YOUR GOAL: Pictures aside, the data must be reproduced exactly.

COLLECTED DATA:
+ + + +

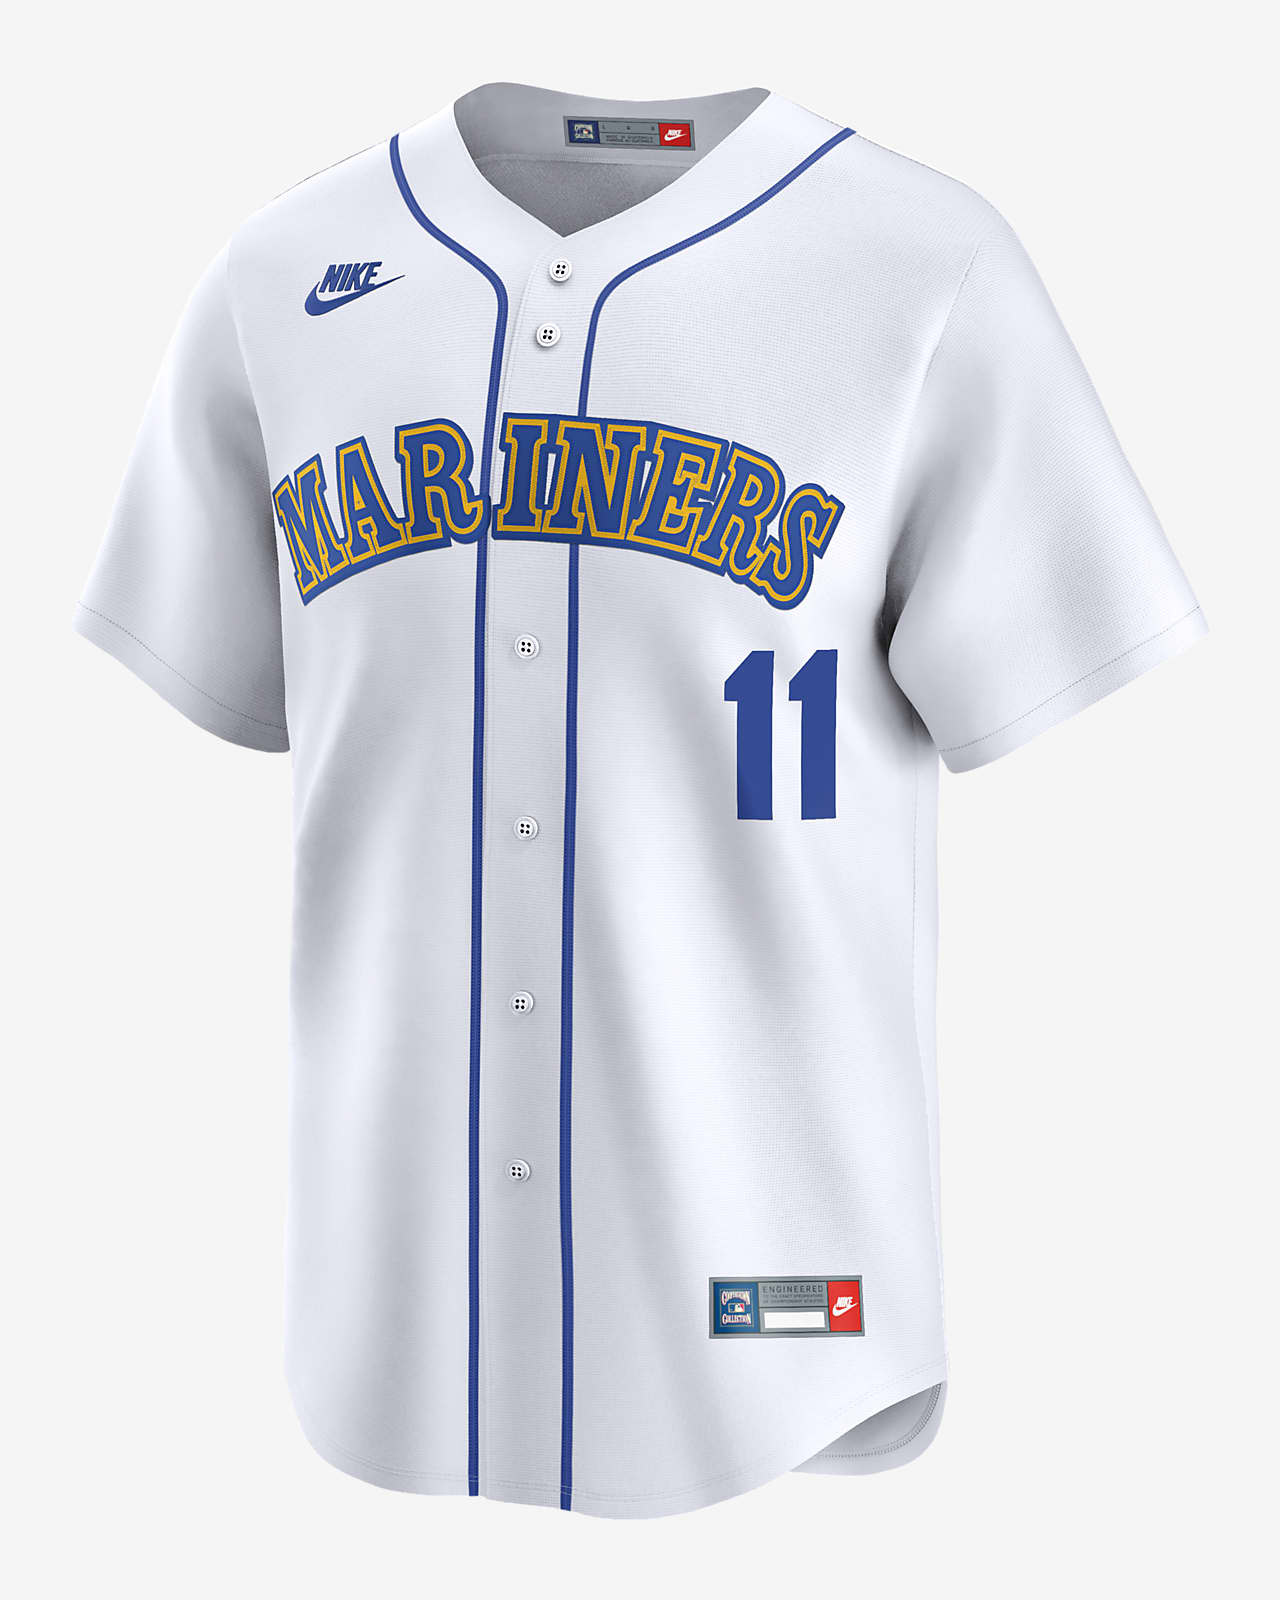 Edgar Martínez Seattle Mariners Cooperstown Men's Nike Dri-FIT ADV MLB Limited Jersey
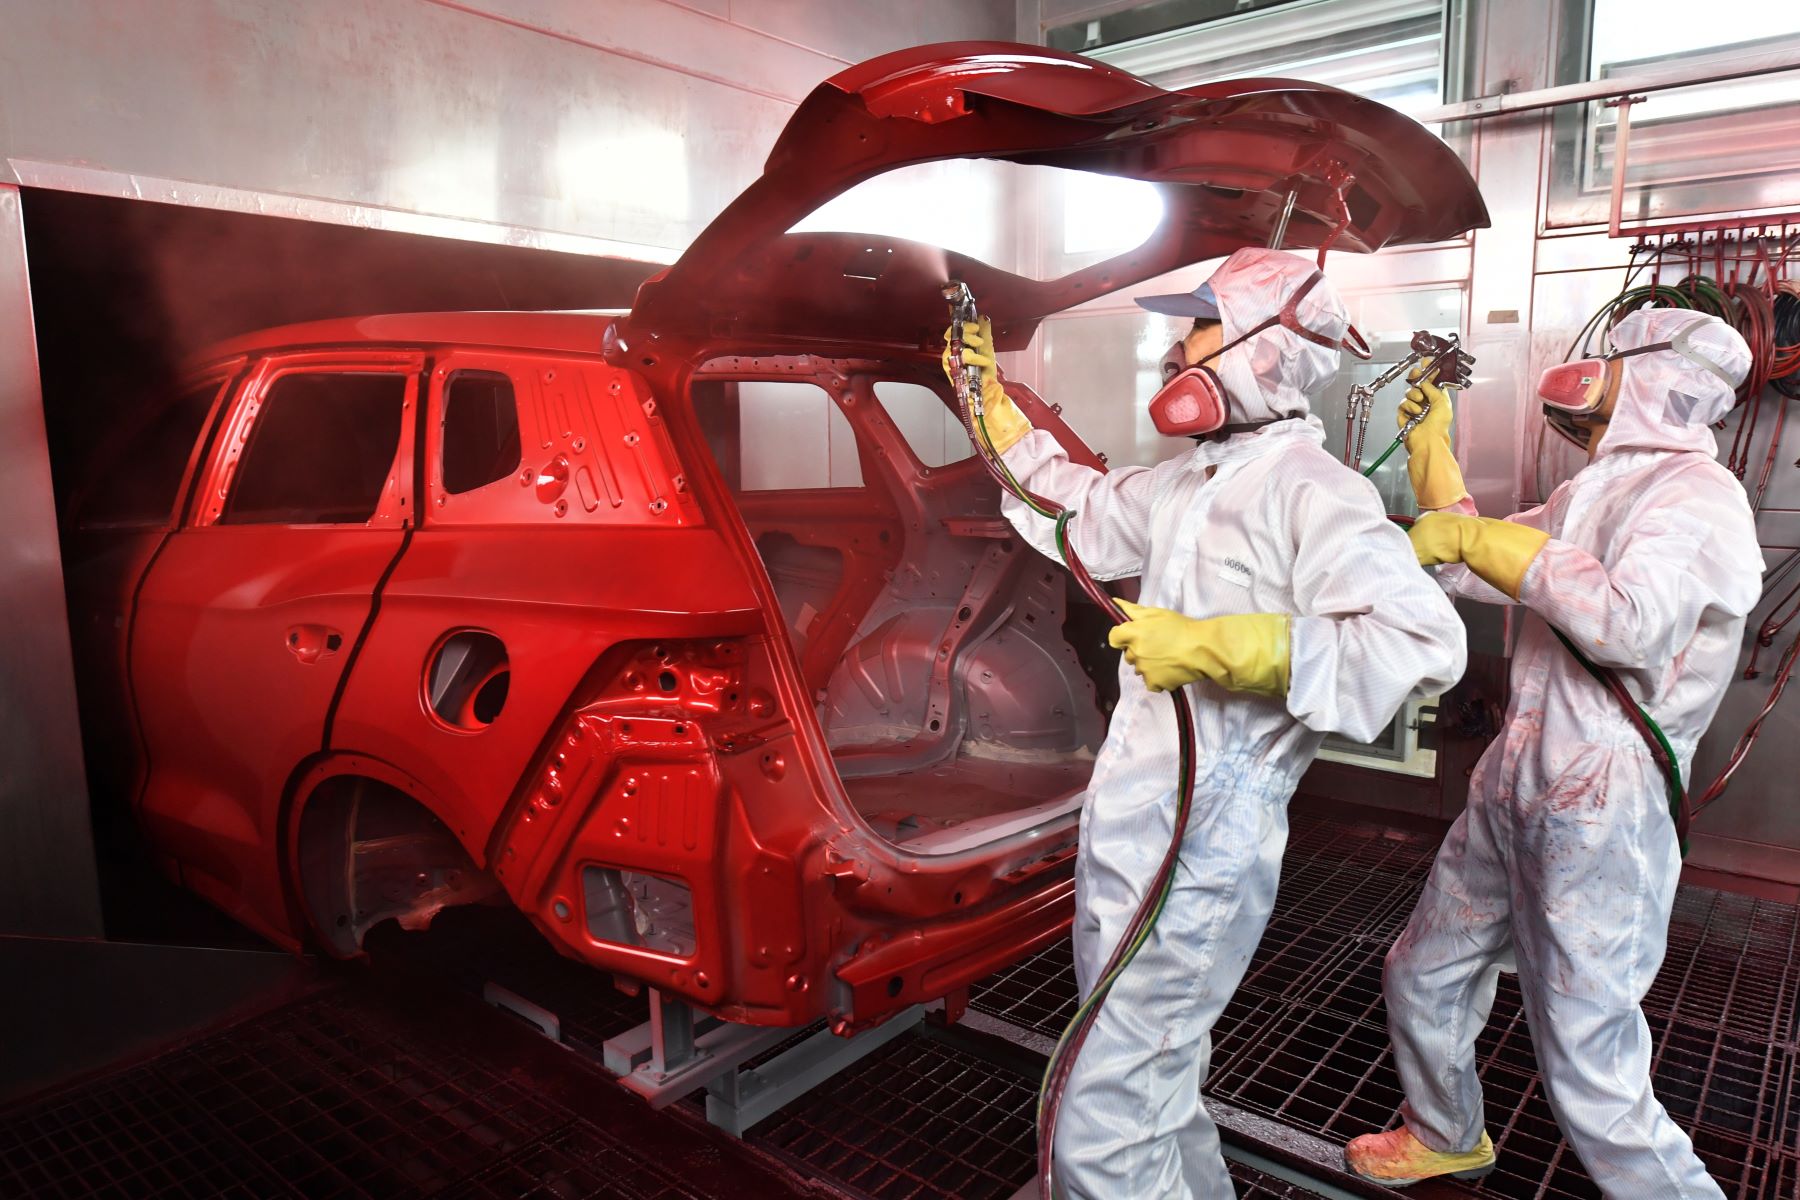 Workers at a BYD Automobile Company Limited factory plant in Xi'an, China, paint spraying a car frame body shell red
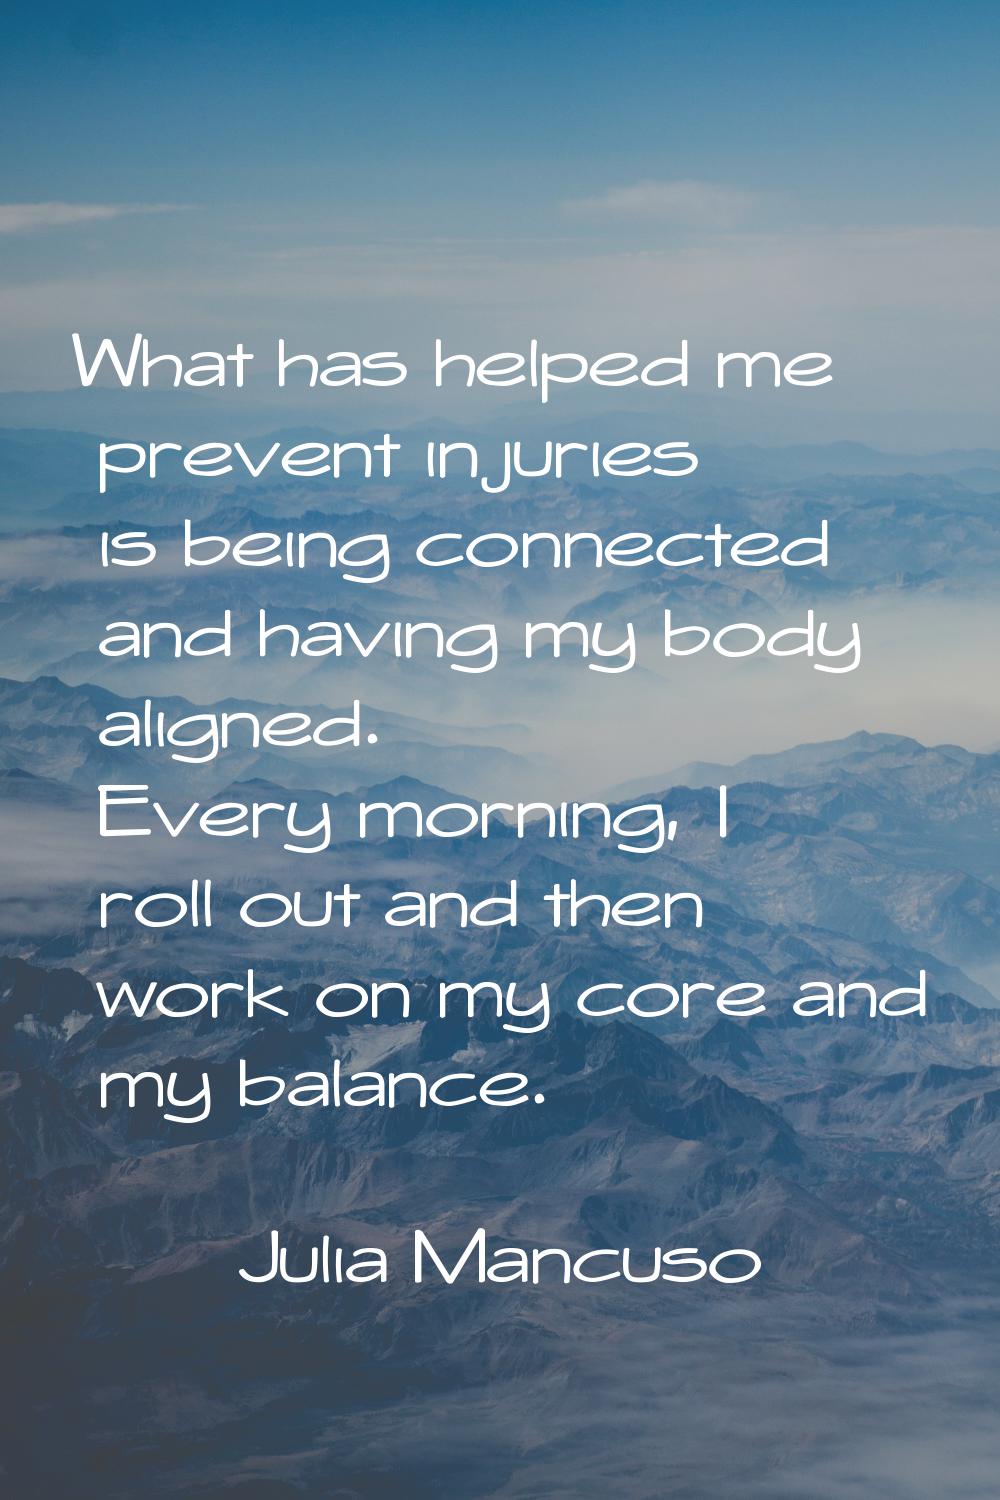 What has helped me prevent injuries is being connected and having my body aligned. Every morning, I

+ + + +

WRITTEN ANSWER:
 Edgar Martínez Seattle Mariners Cooperstown Men's Nike Dri-FIT ADV MLB Limited Jersey
 Workers at a BYD Automobile Company Limited factory plant in Xi'an, China, paint spraying a car frame body shell red
 What has helped me prevent injuries is being connected and having my body aligned. Every morning, I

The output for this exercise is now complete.